Let's share the mechanism of OOM-killer:

Collected at the following address:

https://blog.csdn.net/lidan3959/article/details/17350711

https://blog.csdn.net/hunanchenxingyu/article/details/26271293


Under Linux, programs are allowed to apply for more memory than the system has available memory. This feature is called Overcommit.

This is done to optimize the system, because not all programs apply for memory and use it immediately.
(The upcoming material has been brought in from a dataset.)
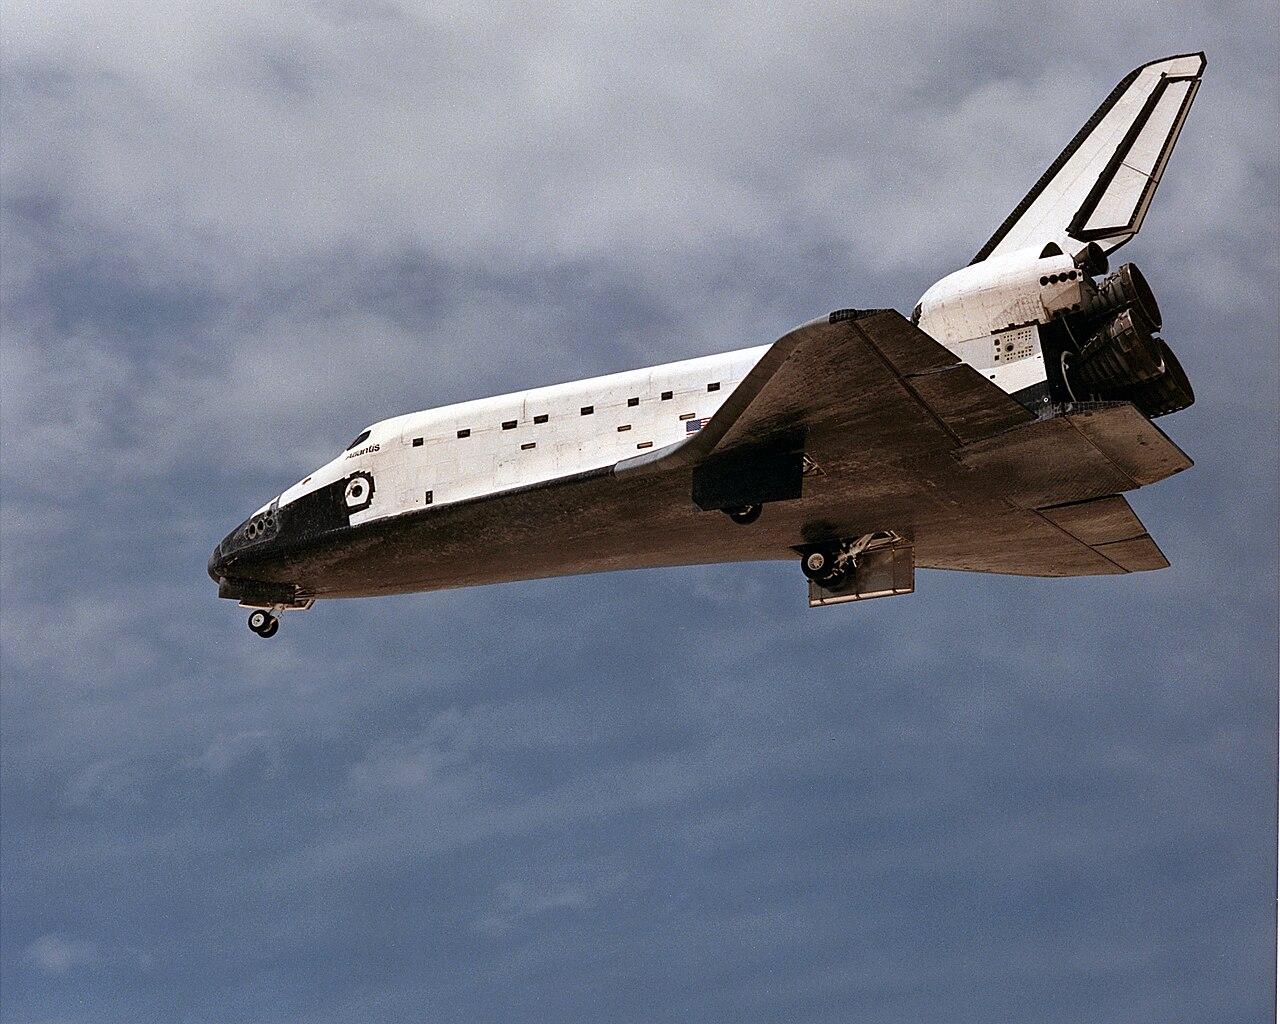 File:Atlantis is landing after STS-30 mission.jpg ...

When you use it, the system may have reclaimed some resources.

Unfortunately, when you use the memory given to you by this Overcommit, if the system has no resources, the OOM killer will jump out.

In order to protect important processes from being dropped by oom-killer, we can: echo -17 > /proc/<pid>/oom_adj, -17 means to disable OOM

We can also disable OOM for the entire system :

sysctl -w vm.panic_on_oom=1 (default is 0, which means open)

sysctl -p

The parameter /proc/sys/vm/overcommit_memory can control the process's strategy for overcommitting memory

When overcommit_memory=0 the process is allowed to overcommit memory slightly, but not for a large number of overloaded requests (default)

When overcommit_memory=1 always allow the process to overcommit

Overcommit is always prohibited when overcommit_memory=2

This selection strategy under Linux has also been constantly evolving. As users, we can influence the OOM killer to make decisions by setting some values. Each process under Linux has an OOM weight. In /proc/<pid>/oom_adj, the value is -17 to +15. The higher the value, the easier it is to be killed.

In the end, OOM killer determines which process is killed by the value of /proc/<pid>/oom_score. This value is calculated by the memory consumption, CPU time (utime + stime), survival time (uptime - start time) and oom_adj of the system synthesis process. The more memory consumed, the higher the score, and the longer the survival time, the lower the score.

In short, the general strategy is: lose the least work, free the most memory without hurting innocent processes that use a lot of memory, and kill as few processes as possible.